Project description:Fine-needle aspiration biopsy (FNA) is usually applied to distinguish benign from malignant thyroid nodules. However, cytological analysis cannot always allow a proper diagnosis. We believe that the improvement of the diagnostic capability of pre-surgical FNA could avoid unnecessary thyroidectomy. In a previous study, we performed a proteome analysis to examine FNA collected after thyroidectomy.
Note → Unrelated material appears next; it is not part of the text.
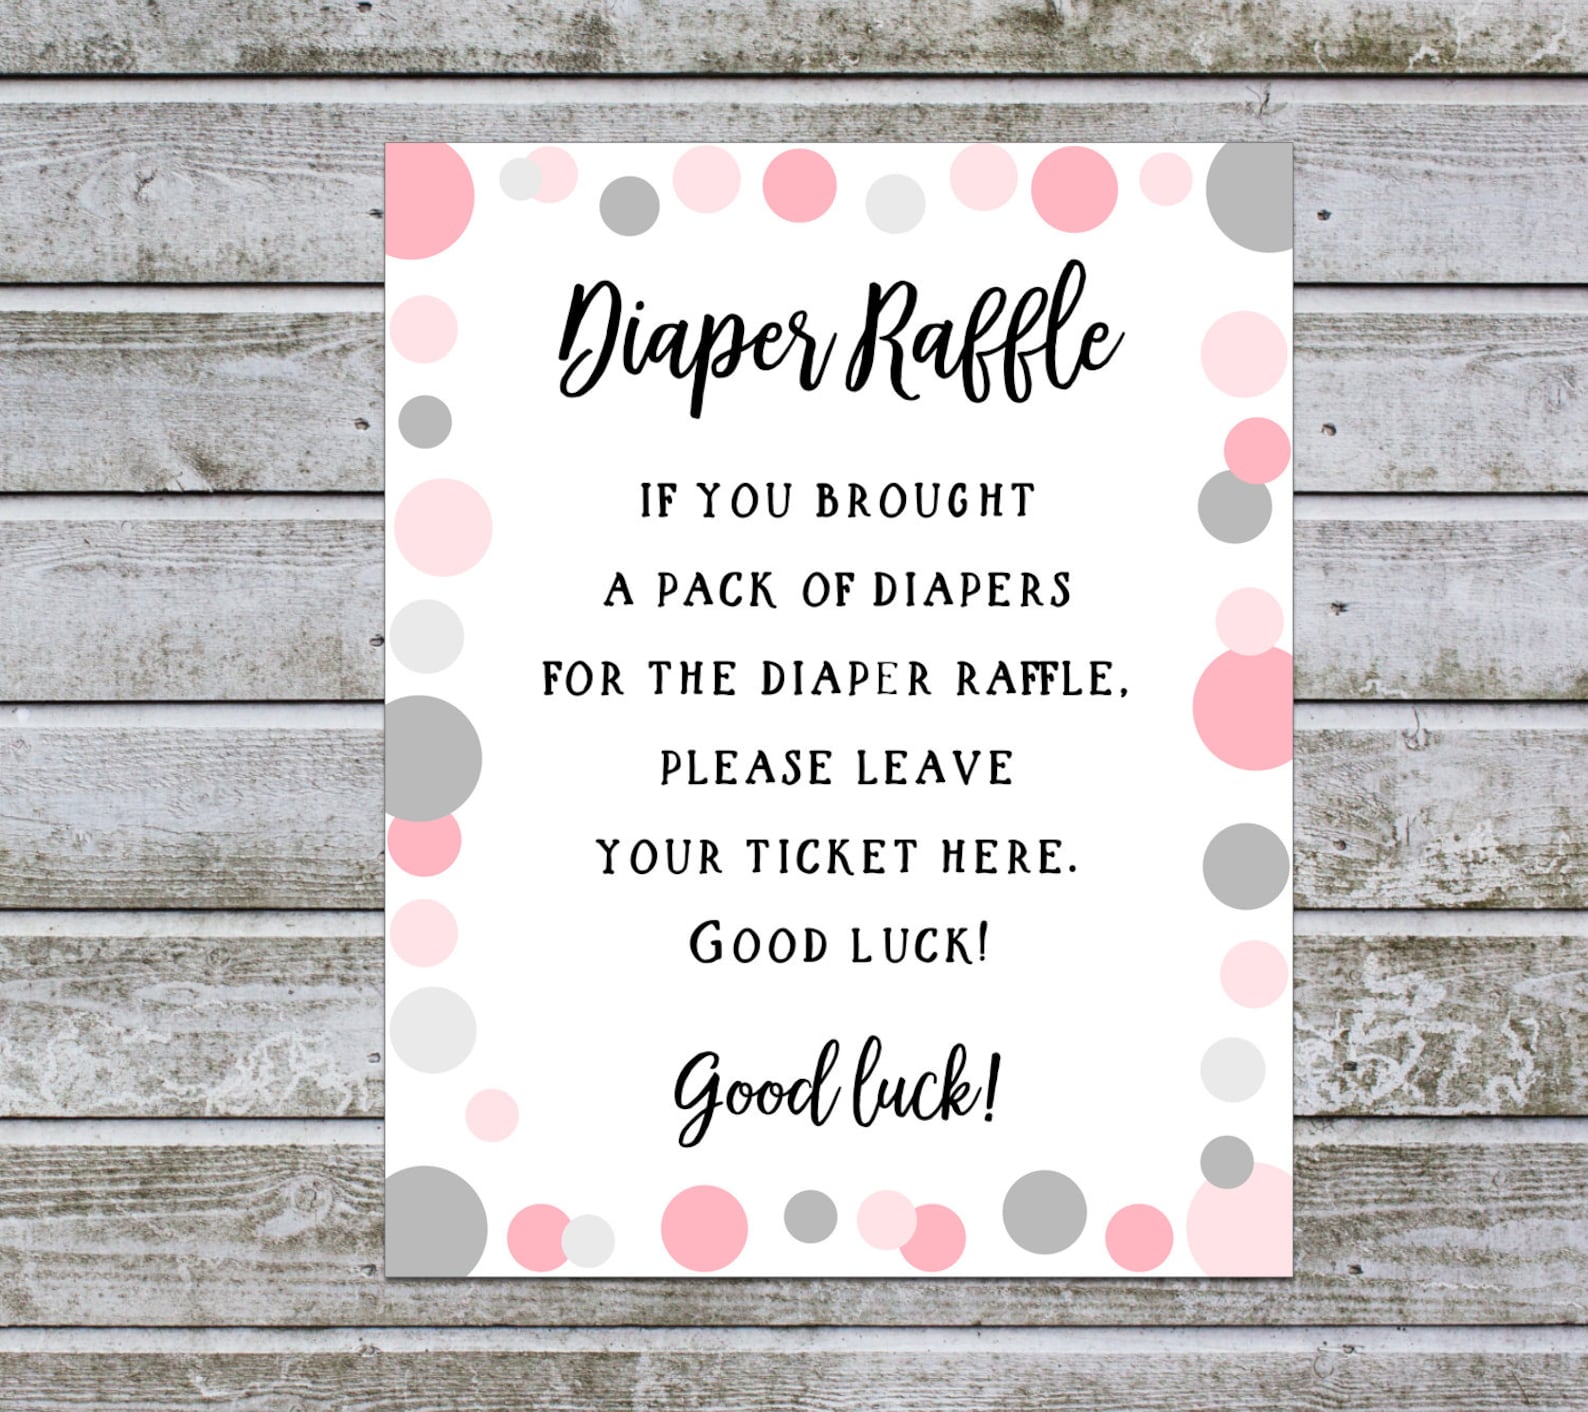 What Is A Diaper Raffle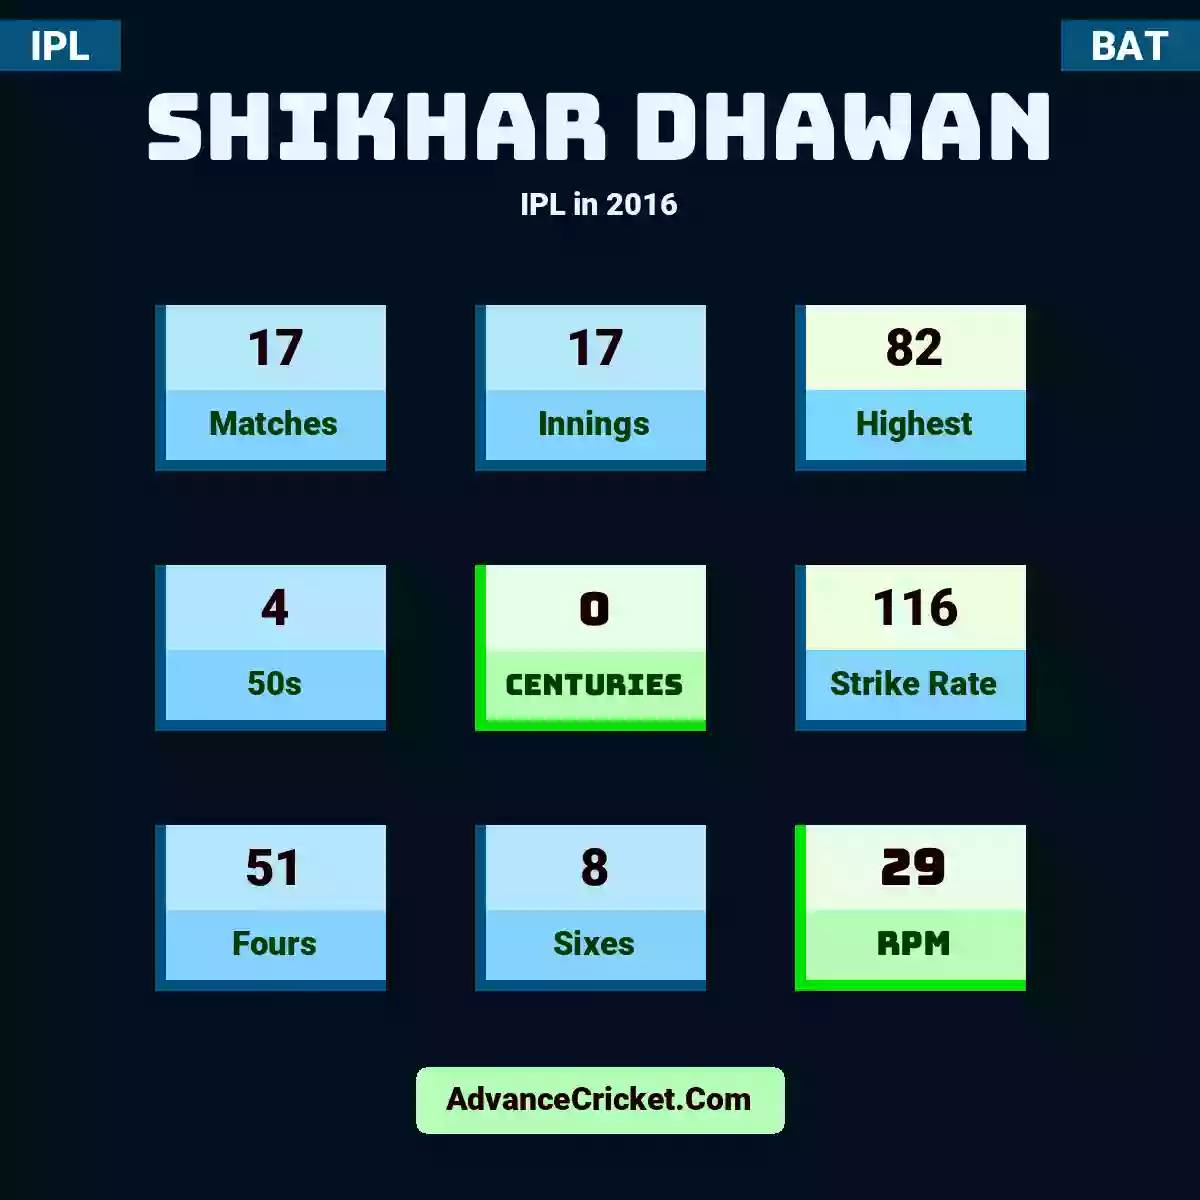 Shikhar Dhawan IPL  in 2016, Shikhar Dhawan played 17 matches, scored 82 runs as highest, 4 half-centuries, and 0 centuries, with a strike rate of 116. S.Dhawan hit 51 fours and 8 sixes, with an RPM of 29.

With the present study, we examined the applicability of these results on pre-surgical FNA. We collected pre-surgical FNA from 411 consecutive patients, and to obtain a correct comparison with our previous results, we processed only benign (n=114), papillary classical variant (cPTC) (n=34) and papillary tall cell variant (TcPTC) (n=14) FNA. We evaluated levels of five proteins previously found up-regulated in thyroid cancer with respect to benign nodules. ELISA and western blot (WB) analysis were used to assay levels of L-lactate dehydrogenase B chain (LDHB), Ferritin heavy chain, Ferritin light chain, Annexin A1 (ANXA1), and Moesin in FNA. ELISA assays and WB analysis confirmed the increase of LDHB, Moesin, and ANXA1 in pre-surgical FNA of thyroid papillary cancer. Sensitivity and specificity of ANXA1 were respectively 87 and 94% for cPTC, 85 and 100% for TcPTC. In conclusion, a proteomic analysis of FNA from patients with thyroid nodules may help to distinguish benign versus malignant thyroid nodules. Moreover, ANXA1 appears to be an ideal candidate given the high sensitivity and specificity obtained from ROC curve analysis.